Thanks in advance..!!
Heres the code.
#include<iostream>
using namespace std;
int main()
{
long long int n;
long int q;
int i,a,b,sum_temp=0,flag=0;
char act[10];
cin>>n;
cin>>q;
int array[n],temp[n],temp2[n];
long int sum;
for(i=0;i<n;i++){
cin>>temp[i];
temp2[i]=0;
array[i]=0;
}
while(q>0){
for(i=0;i<3;i++){
cin>>act[i];
}
act[3]='\0';
a=act[1]-'0';
b=act[2]-'0';
if(act[0]=='S'){
if(array[b]==0){
for(i=0;i<=b;i++){
if(i>0){
array[i]=array[i-1]+temp[i];
}else{
array[i]=temp[i];
}
}
}
sum_temp=0;
for(i=a;i<=b && flag==1;i++){
sum_temp=sum_temp+temp2[i];
}
if(a>0){
sum=(array[b]-array[a-1])+sum_temp;
}
else{
sum=array[b]+sum_temp;
}
cout<<sum<<endl;
}
else if(act[0]=='G'){
temp2[a]=b;
flag=1;
}
else if(act[0]=='T'){
temp2[a]=-b;
flag=1;
}
q--;
}
return 0;
}
EDIT:
As per the link you provided, the range of N is 2 ≤ N ≤ 1000000.
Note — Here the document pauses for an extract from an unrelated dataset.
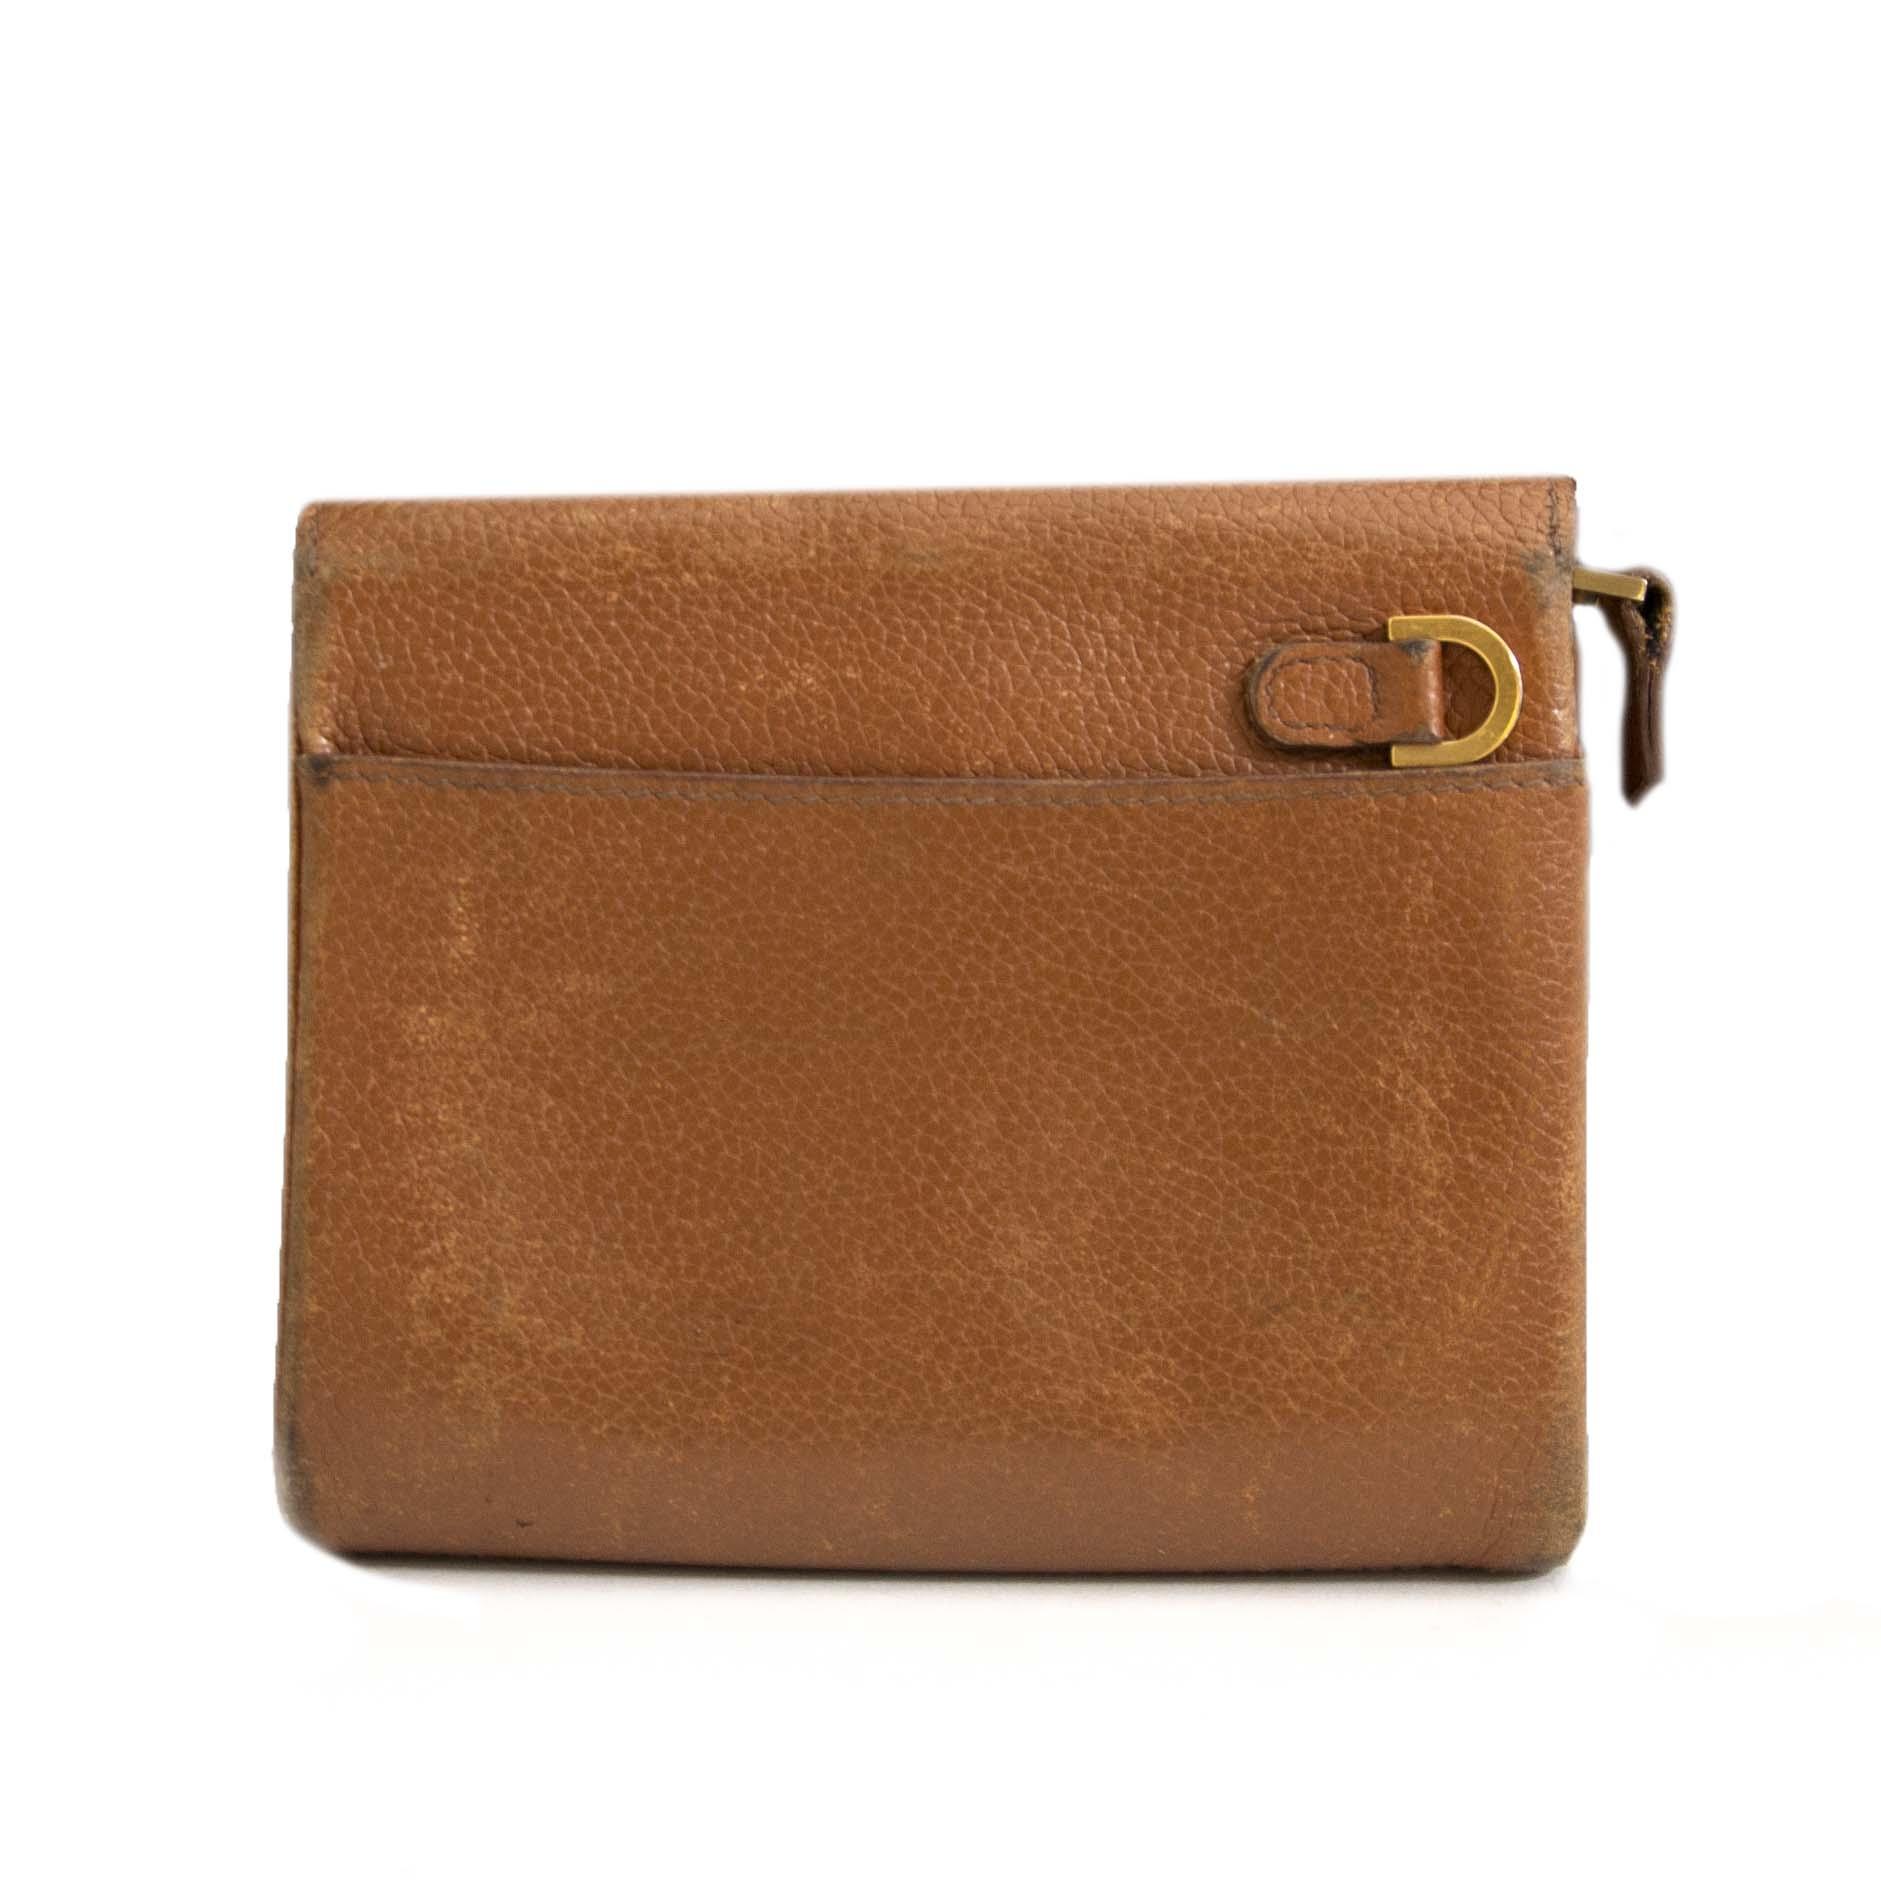 Authentic second hand vintage Delvaux Camel Wallet online webshop LabelLOV

Hence as suggested by #Retired Ninja, there is a possibility that you may be getting stack overflow.
Solution: Use a vector.
Among other things, this is not valid C++:
cin>>n;
cin>>q;
int array[n],temp[n],temp2[n];
Here n should be a compile time constant. Better is to use
std::vector<int> array( n );
One reason as to why you are getting run-time error is you maybe accessing out of bounds array:
b=act[2]-'0';
if(act[0]=='S'){
if(array[b]==0){
How do you know here that b is less then array size?
I suggest you run it through a debugger.